Abstract:
A conditioner for conditioning fuel passing therethrough includes a deoxygenator having a body in which oxygen is removed from the fuel, and a heat exchanger attaching directly to the body for moderating a temperature of the fuel.

Description:
BACKGROUND 
       [0001]    The present invention relates to stabilizing fuel by deoxygenation, and more particularly to a heat exchanger fuel stabilization unit. 
         [0002]    Fuel is often utilized in aircraft as a coolant for various aircraft systems. The presence of dissolved oxygen in hydrocarbon jet fuels may be objectionable because the oxygen supports oxidation reactions that yield undesirable by-products. Dissolution of air in jet fuel results in an approximately 70 ppm oxygen concentration. When aerated fuel is heated between 350 degrees F. (or 177 degrees C.) and 850 degrees F. (or 454 degrees C.), the oxygen initiates free radical reactions of the fuel resulting in deposits commonly referred to as “coke” or “coking”. Coke may be detrimental to the fuel lines and may inhibit combustion. The formation of such deposits may impair the normal functioning of a fuel system, either with respect to an intended heat exchange function or the efficient injection of fuel. 
         [0003]    Various conventional fuel deoxygenation techniques are currently utilized to deoxygenate fuel. Typically, lowering the oxygen concentration to 2 ppm is sufficient to minimize coking problems. 
         [0004]    One conventional Fuel Stabilization Unit (FSU) utilized in aircraft removes oxygen from jet fuel by producing an oxygen pressure gradient across a membrane permeable to oxygen. The FSU includes a plurality of fuel plates sandwiched between permeable membranes and porous substrate plates disposed within a housing. Each fuel plate defines a portion of the fuel passage and the porous plate backed permeable membranes define the remaining portions of the fuel passages. The permeable membrane includes Teflon or other type of amorphous glassy polymer coating in contact with fuel within the fuel passages for preventing the bulk of liquid fuel from migrating through the permeable membrane and the porous plate. 

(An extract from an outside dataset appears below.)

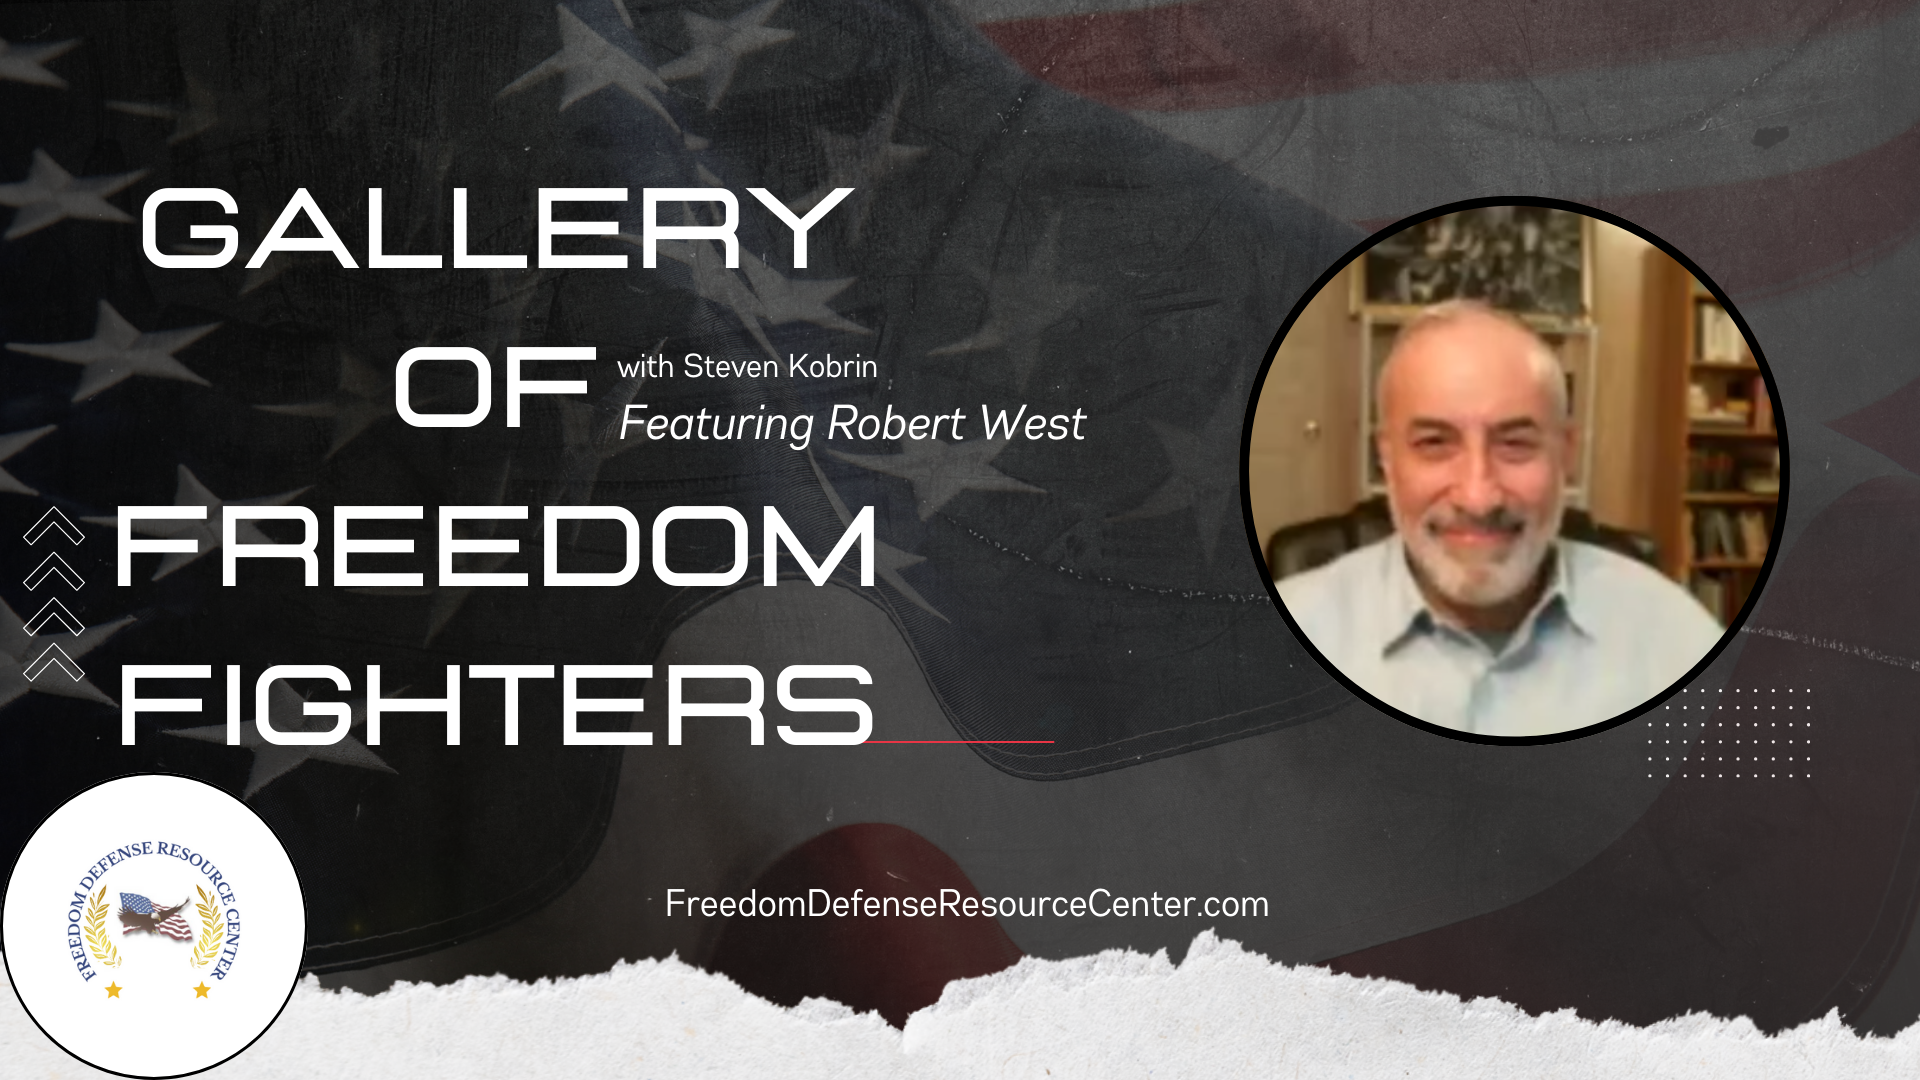 GFF51-Robert West - Gallery of Freedom Fighters

         [0005]    The use of a plurality of similarly configured flat plates increases manufacturing efficiency and reduces overall cost. Further, the size and weight of the FSU is substantially reduced while increasing the capacity for removing dissolved oxygen from fuel. Moreover, the planar design is easily scalable compared to previous tubular designs. 
       SUMMARY 
       [0006]    According to an embodiment disclosed herein a conditioner for conditioning fuel passing therethrough includes a deoxygenator having a body in which oxygen is removed from the fuel and a surface, and a heat exchanger attaching directly to the body and conforming to the surface for moderating a temperature of the fuel. 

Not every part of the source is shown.